1) Modeling the Radii of Exoplanets (40 points)

For this question, we are interested in predicting the radius of exoplanets (planets outside the Solar System) in kilometers. To achieve this goal, we will use NASA’s Composite Planetary Systems dataset and different regression models. (See https://exoplanetarchive.ipac.caltech.edu for more context.)

Read all three CompositePlanetarySystems datasets - you should have one training and two test datasets. Each row is an exoplanet. pl_rade column represents the radius of each exoplanet as a proportion of Earth’s radius, which is approximately 6,378 km.

a)

Develop a linear regression model (no non-linear terms) to predict pl_rade using all the variables in the data except pl_name, disc_facility and disc_locale.
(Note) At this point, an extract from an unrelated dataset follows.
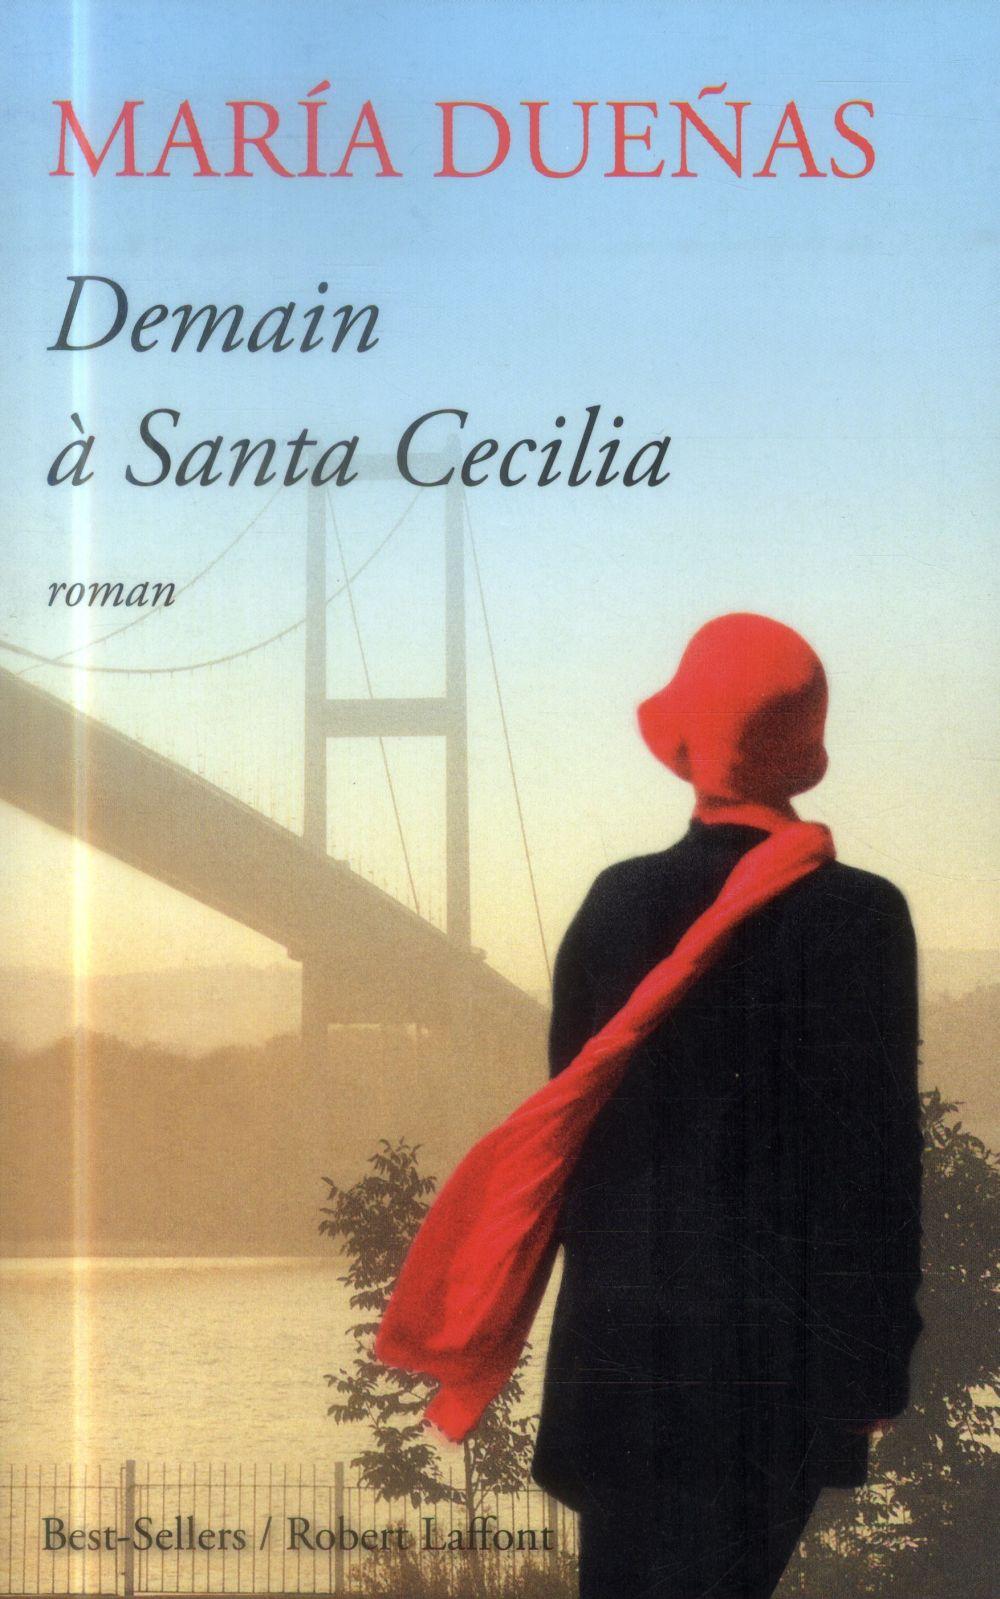 DEMAIN A SANTA CECILIA

You can use statsmodels or sklearn. (2 points)

b)

Find the RMSE of the model using both test sets separately. (You need to print two RMSE values.) Note that the library you used should not make a difference here! (2 points)
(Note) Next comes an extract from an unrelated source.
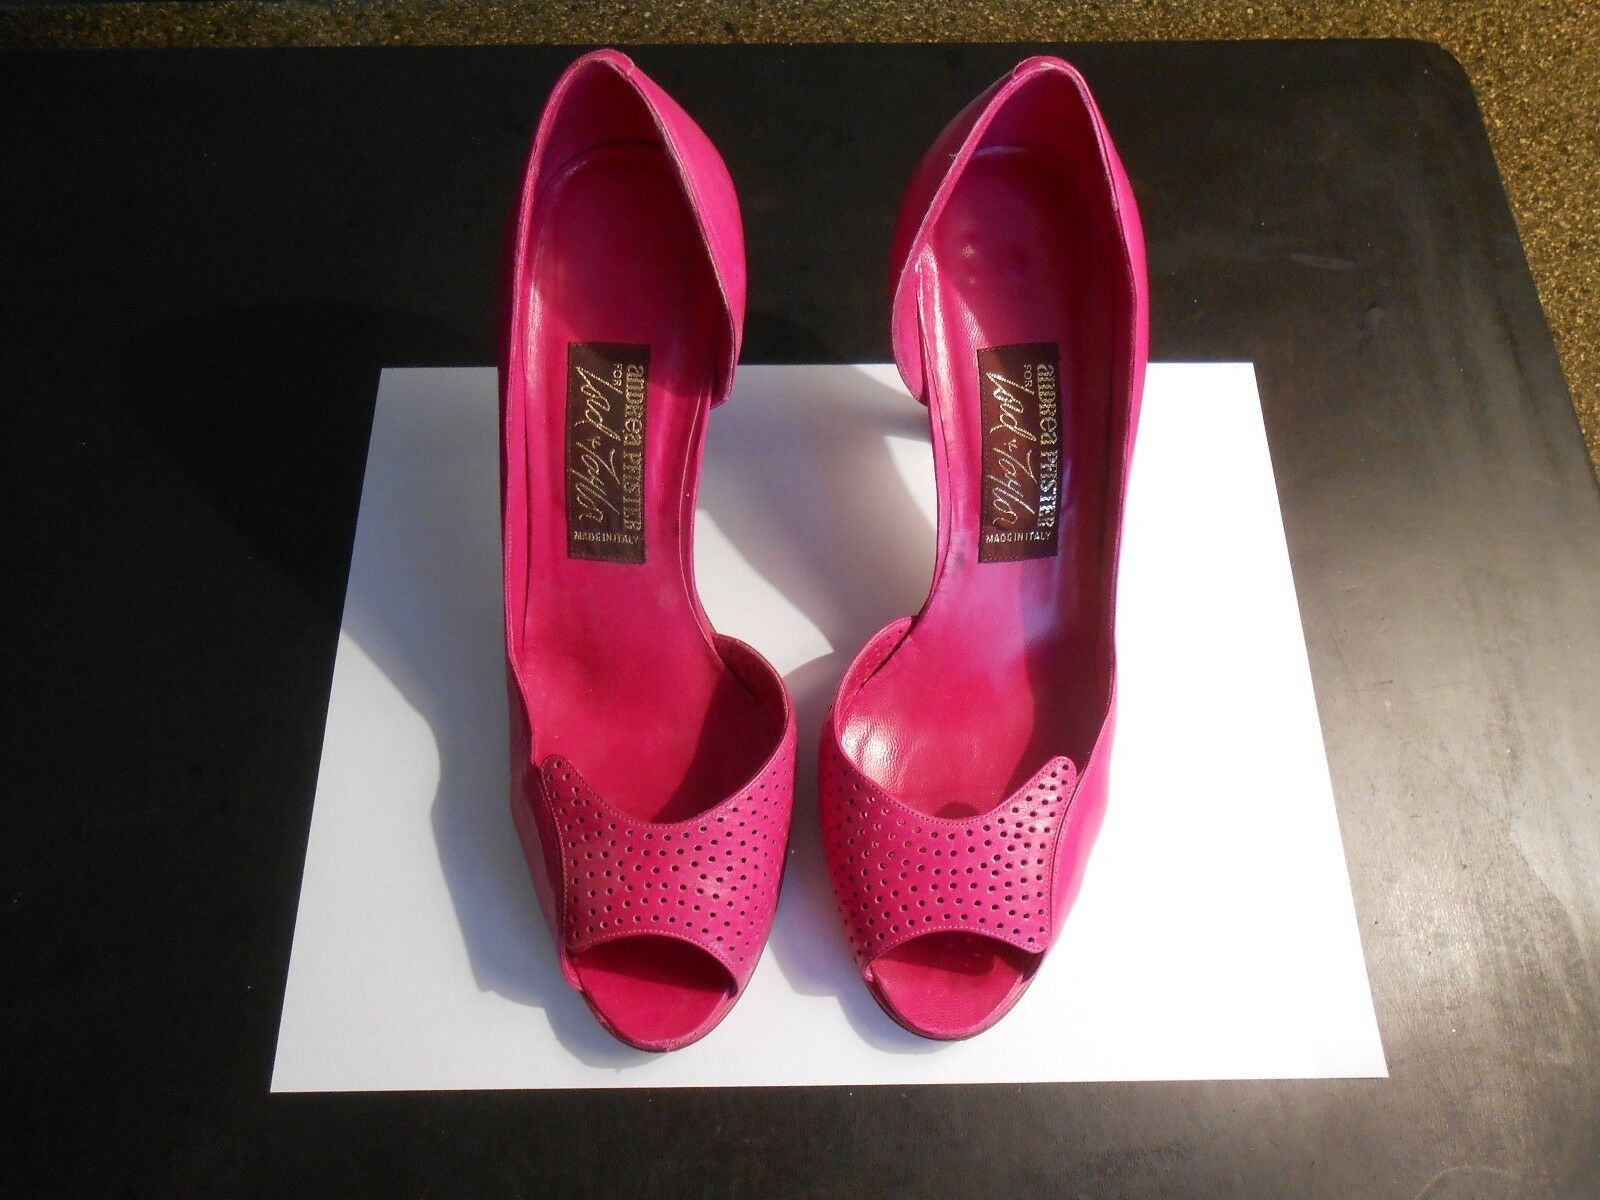 marchio in liquidazione ANDREA PFISTER (MADE (MADE (MADE IN ITALY) rosa OPEN TOE PUMPS--6 1 2M  vendita scontata online di factory outlet

Print the training RMSE as well for reference. (1 point)

c)

Compare the training and test RMSEs. (1 point) What is the issue with this model? (1 point)

d)

Train a Ridge regression model to predict pl_rade using the same variables as above. Optimize the hyperparameter using the RidgeCV object with LOOCV and neg_root_mean_squared_error scoring. What is the optimal hyperparameter value? (5 points)

Note:

Keep in mind that scaling is always necessary before Ridge/Lasso regression.
Use the following array of possible hyperparameter values: alphas = np.logspace(2,0.5,200)
You have to use the RidgeCV object for this question.

e)

Using the optimized and trained model, print the RMSEs for the training set and both test sets. (4 points)

f)

How did the training and test performance change? Explain why the Ridge regression changed the training and test results. (3 points)

g)

Find the predictor whose coefficient is shrunk by far the most by Ridge regularization. (3 points)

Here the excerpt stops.